[Saved entries]
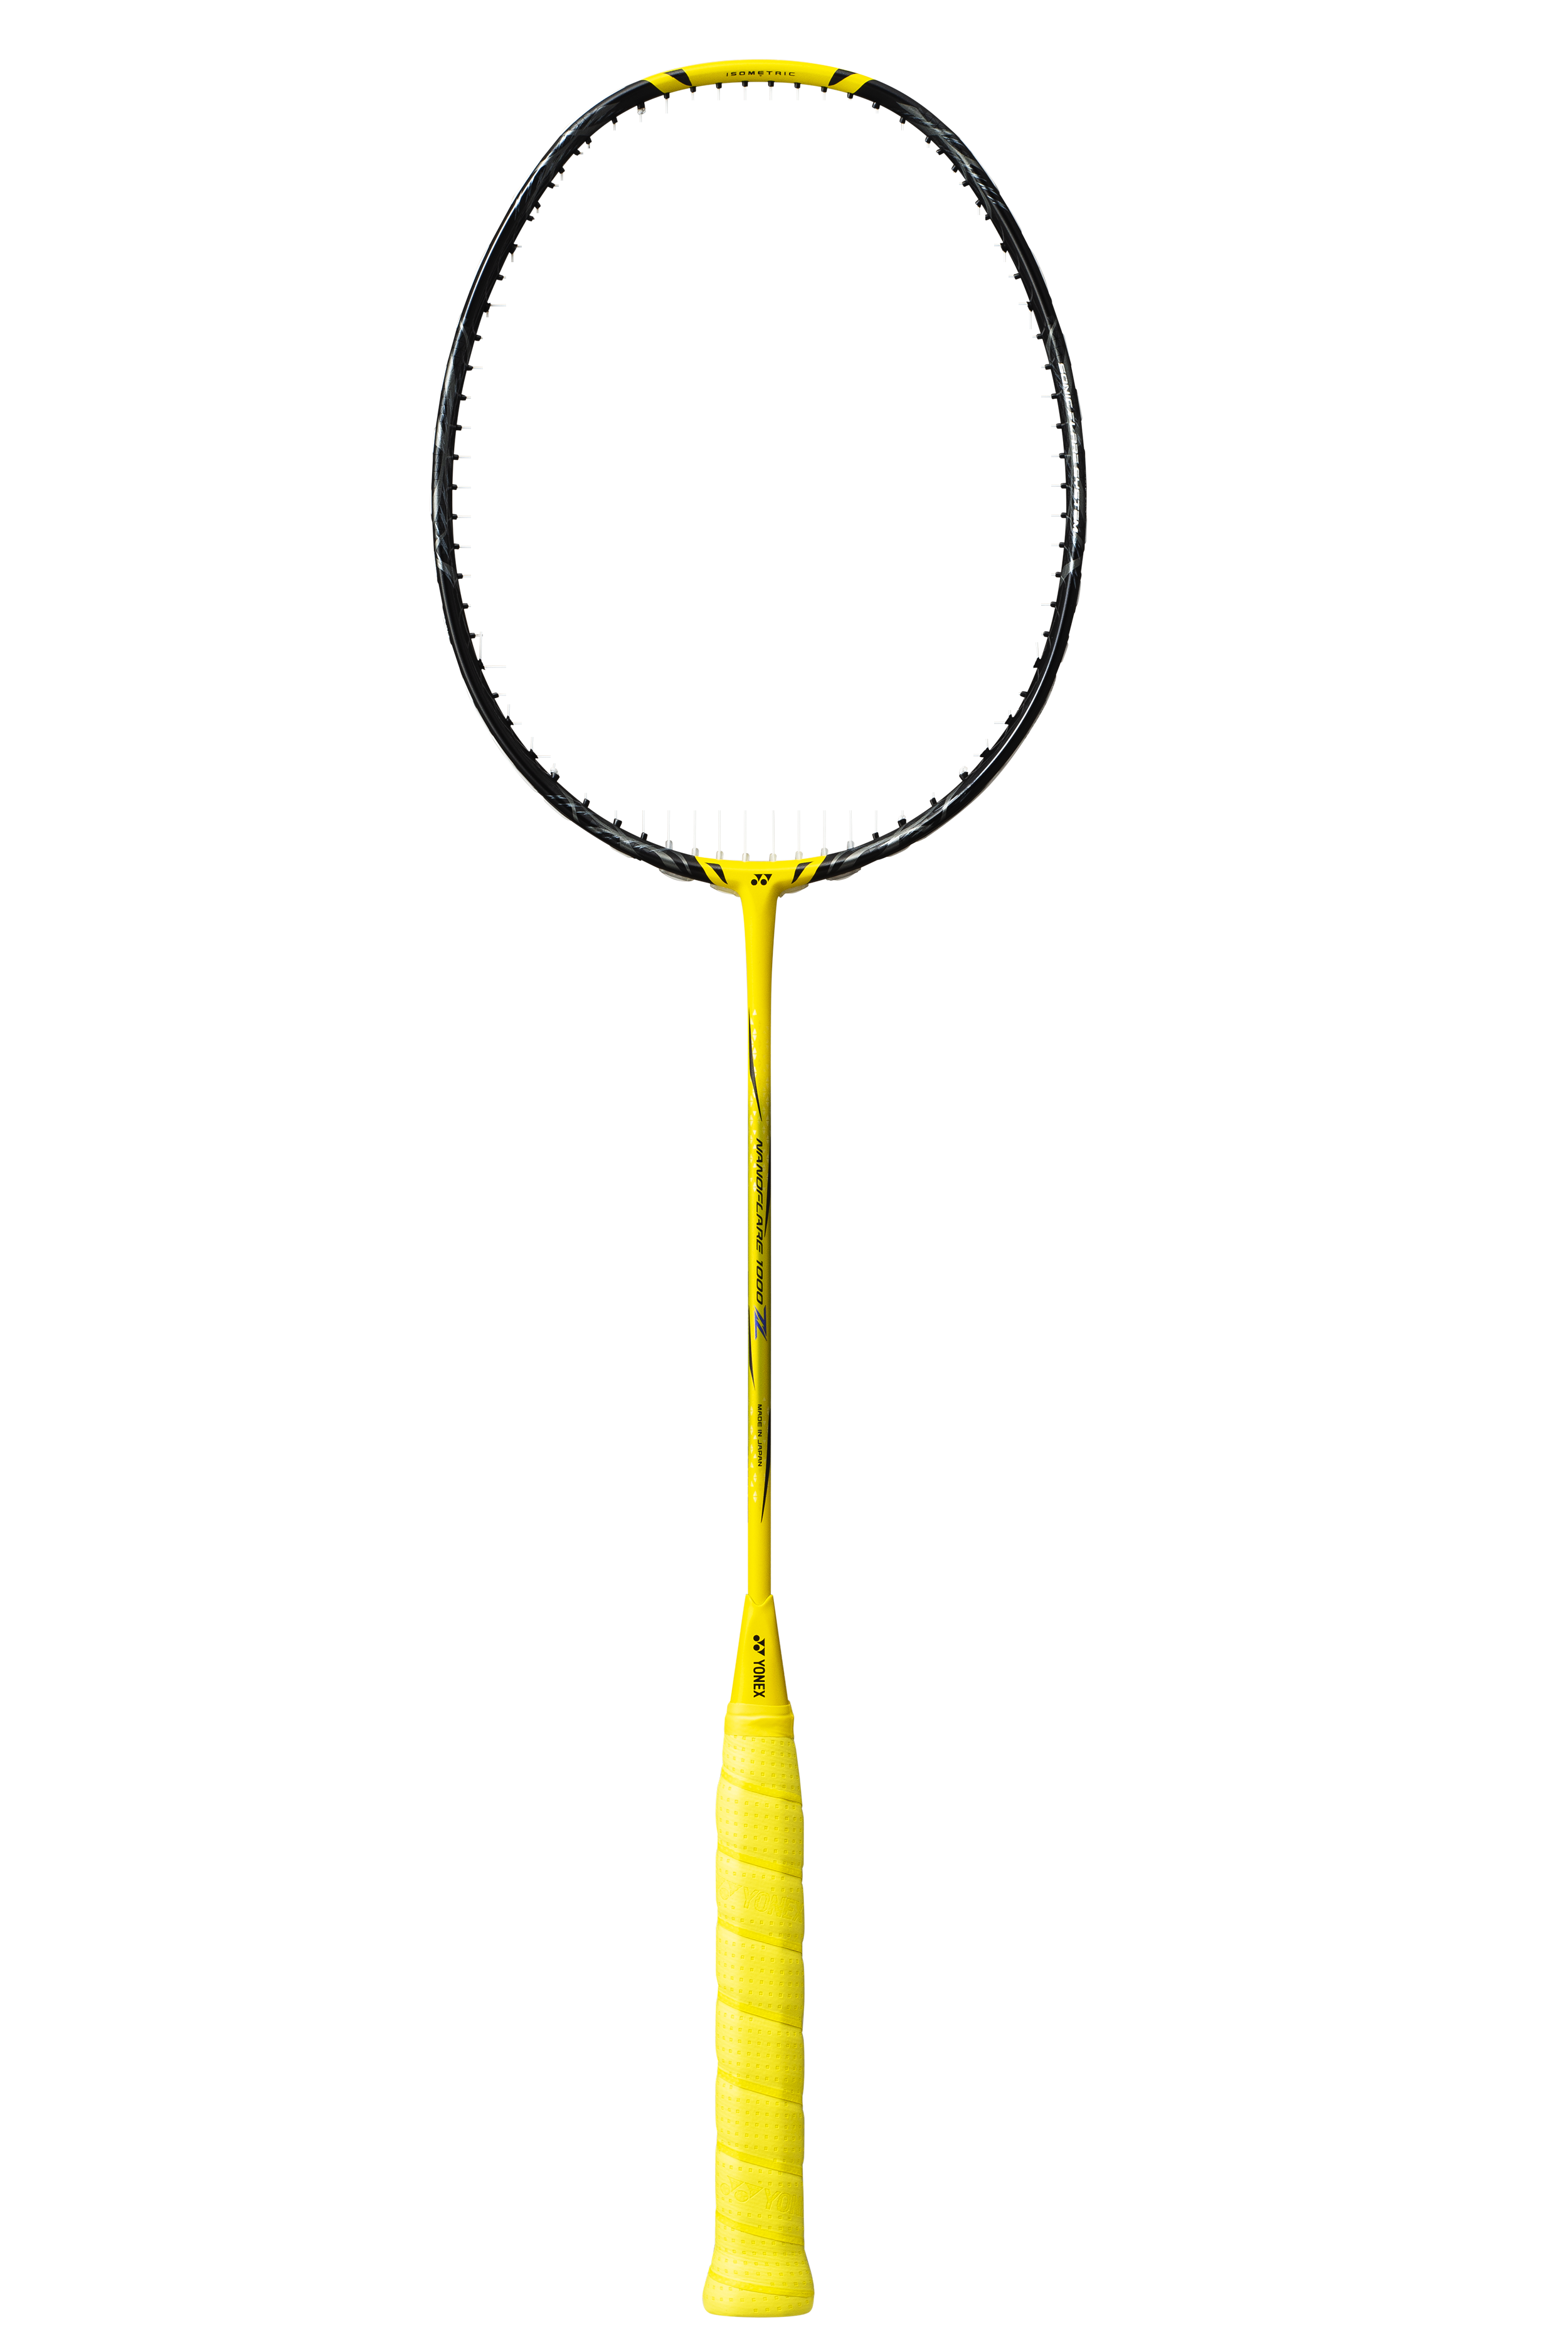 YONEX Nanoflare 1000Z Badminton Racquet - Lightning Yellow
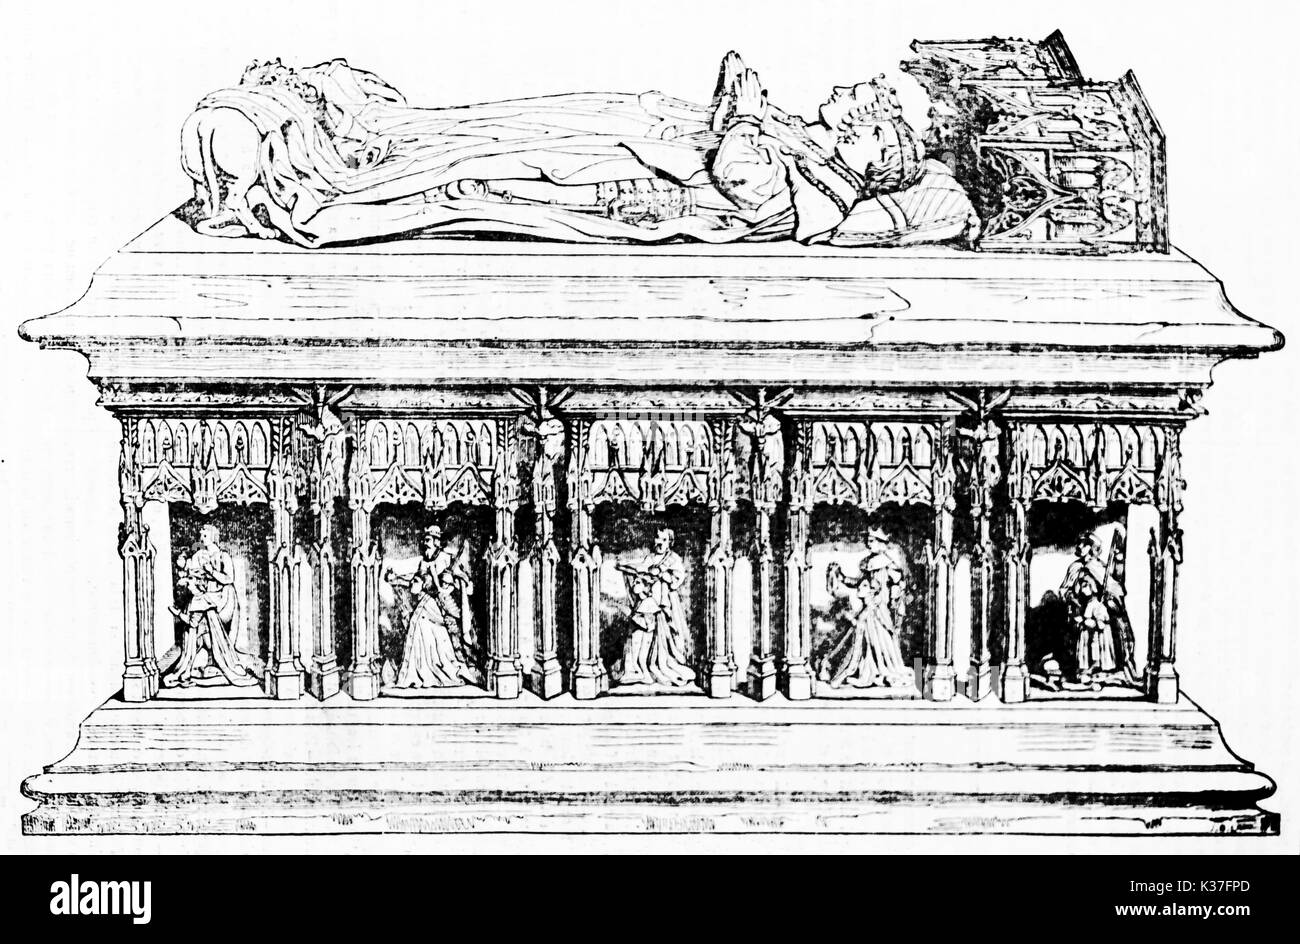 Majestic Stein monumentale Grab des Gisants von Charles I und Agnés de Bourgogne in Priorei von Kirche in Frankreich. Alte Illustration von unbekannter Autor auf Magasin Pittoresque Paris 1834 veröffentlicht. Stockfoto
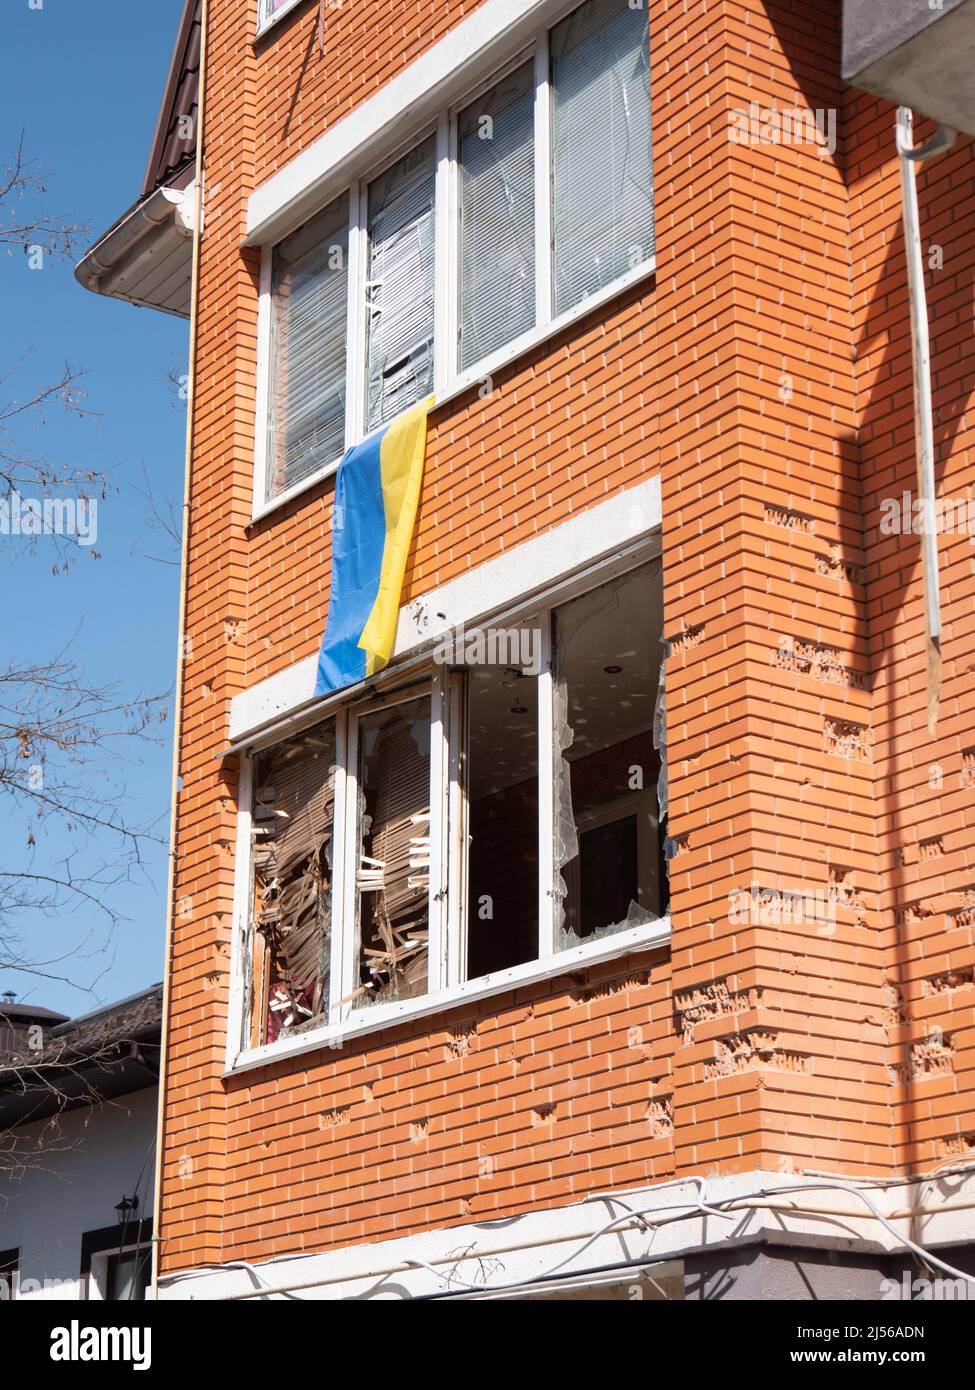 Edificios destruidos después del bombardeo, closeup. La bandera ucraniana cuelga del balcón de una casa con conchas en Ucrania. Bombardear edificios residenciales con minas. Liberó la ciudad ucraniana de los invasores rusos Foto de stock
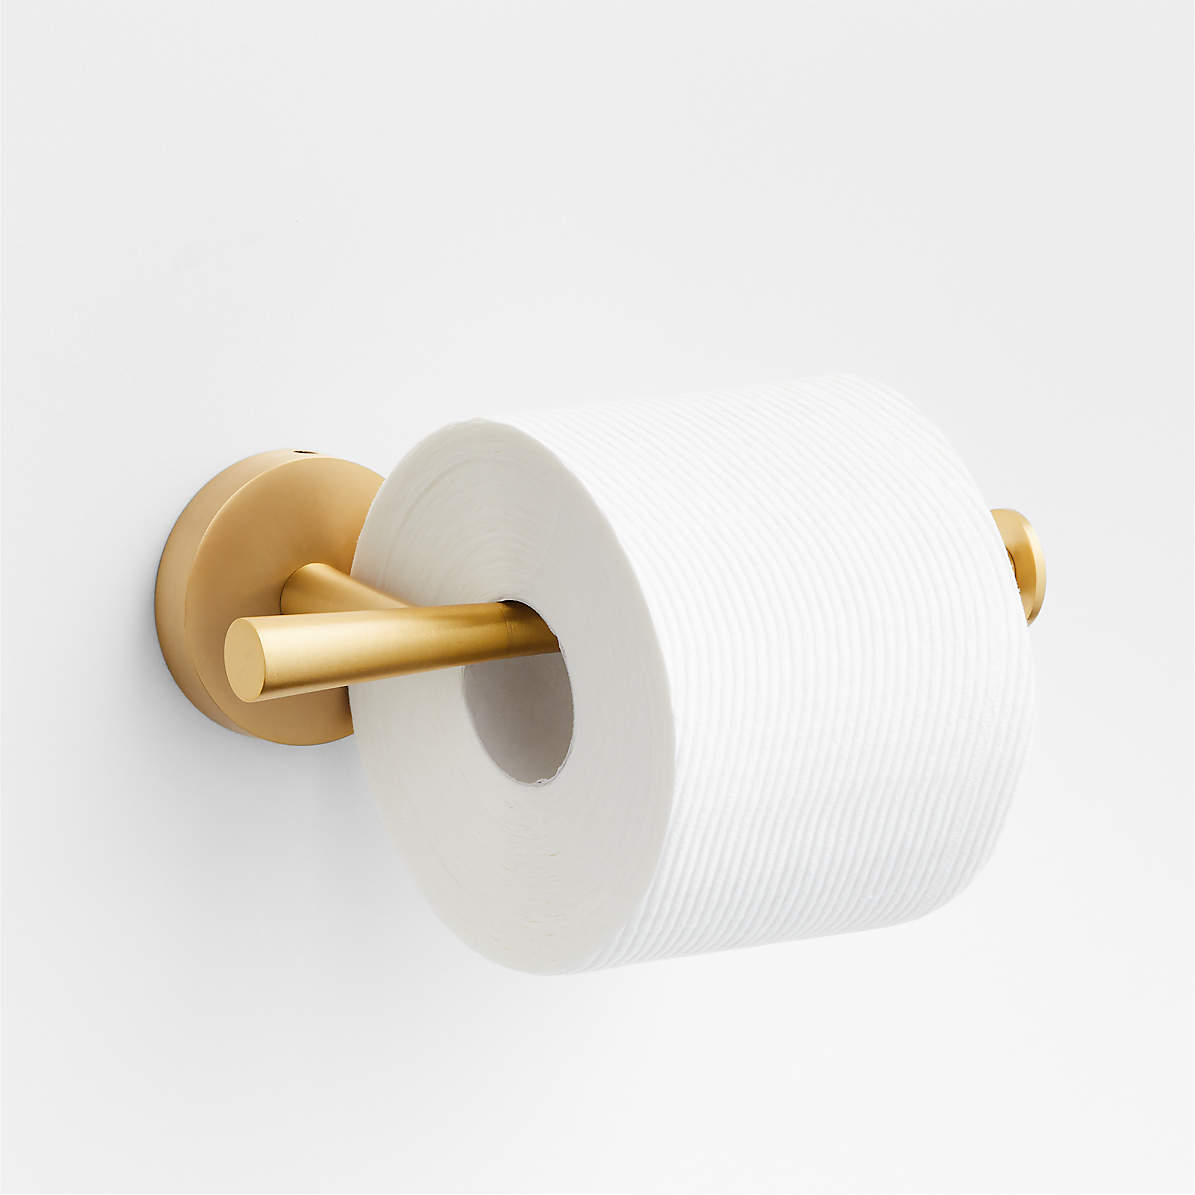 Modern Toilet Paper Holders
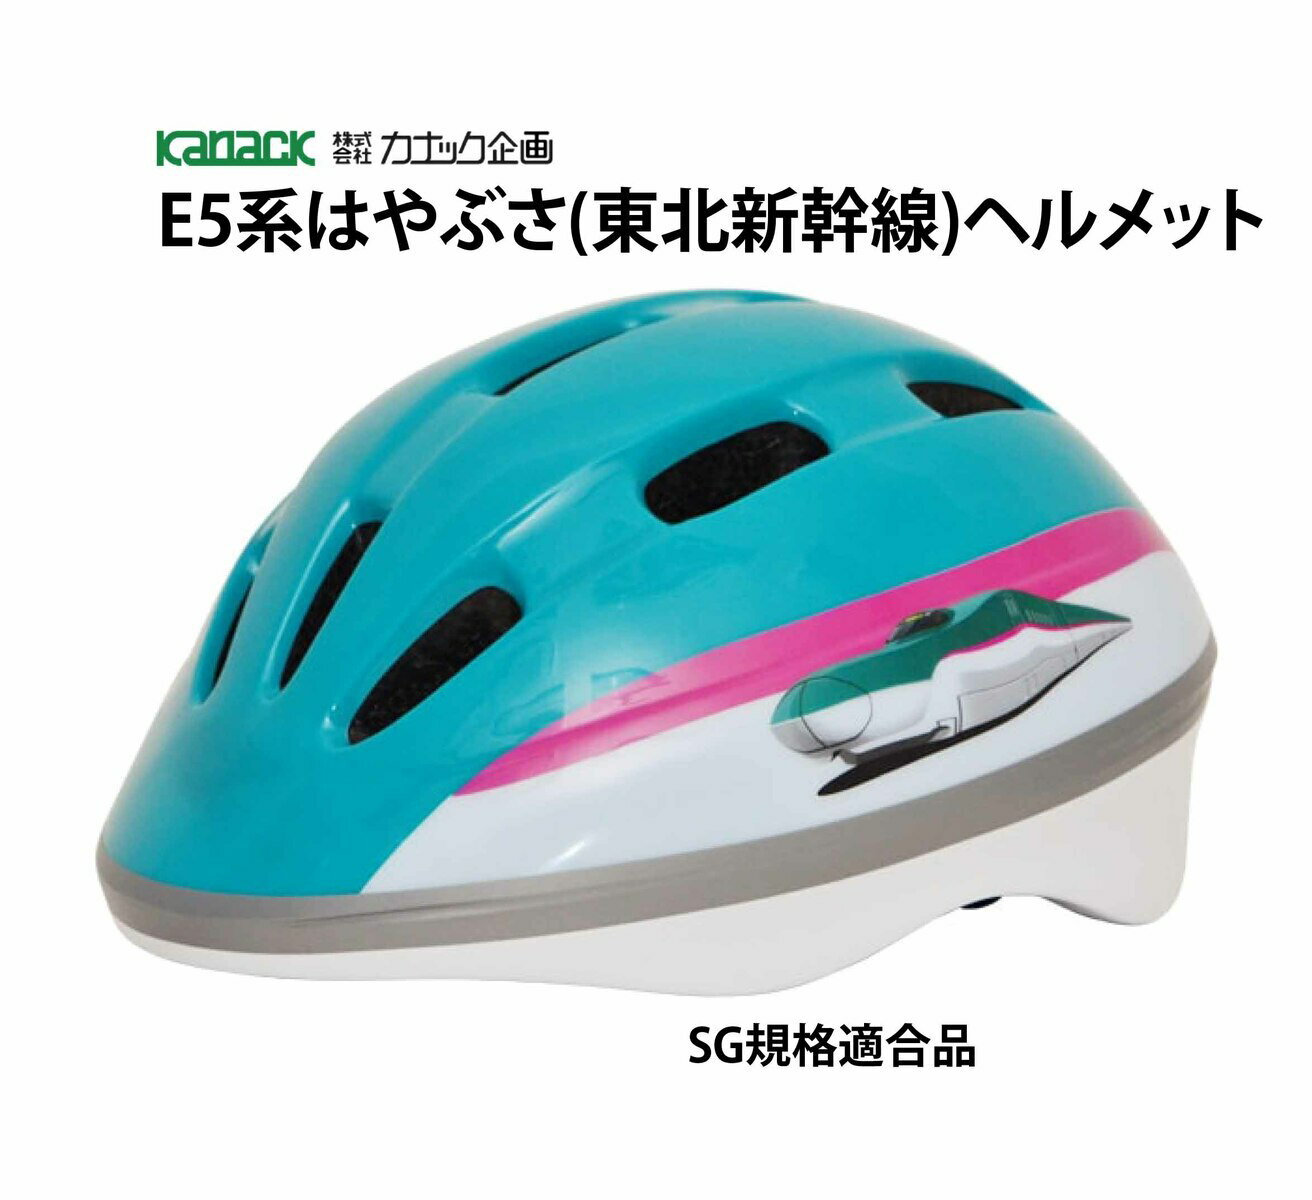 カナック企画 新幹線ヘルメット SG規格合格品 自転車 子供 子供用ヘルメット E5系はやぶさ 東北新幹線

- _TASK REQUIREMENTS_: Send back the entries above exactly. Skip the images.

- _WRITTEN ANSWER_:
 YONEX Nanoflare 1000Z Badminton Racquet - Lightning Yellow
 Majestic Stein monumentale Grab des Gisants von Charles I und Agnés de Bourgogne in Priorei von Kirche in Frankreich. Alte Illustration von unbekannter Autor auf Magasin Pittoresque Paris 1834 veröffentlicht. Stockfoto
 Edificios destruidos después del bombardeo, closeup. La bandera ucraniana cuelga del balcón de una casa con conchas en Ucrania. Bombardear edificios residenciales con minas. Liberó la ciudad ucraniana de los invasores rusos Foto de stock
 Modern Toilet Paper Holders
 カナック企画 新幹線ヘルメット SG規格合格品 自転車 子供 子供用ヘルメット E5系はやぶさ 東北新幹線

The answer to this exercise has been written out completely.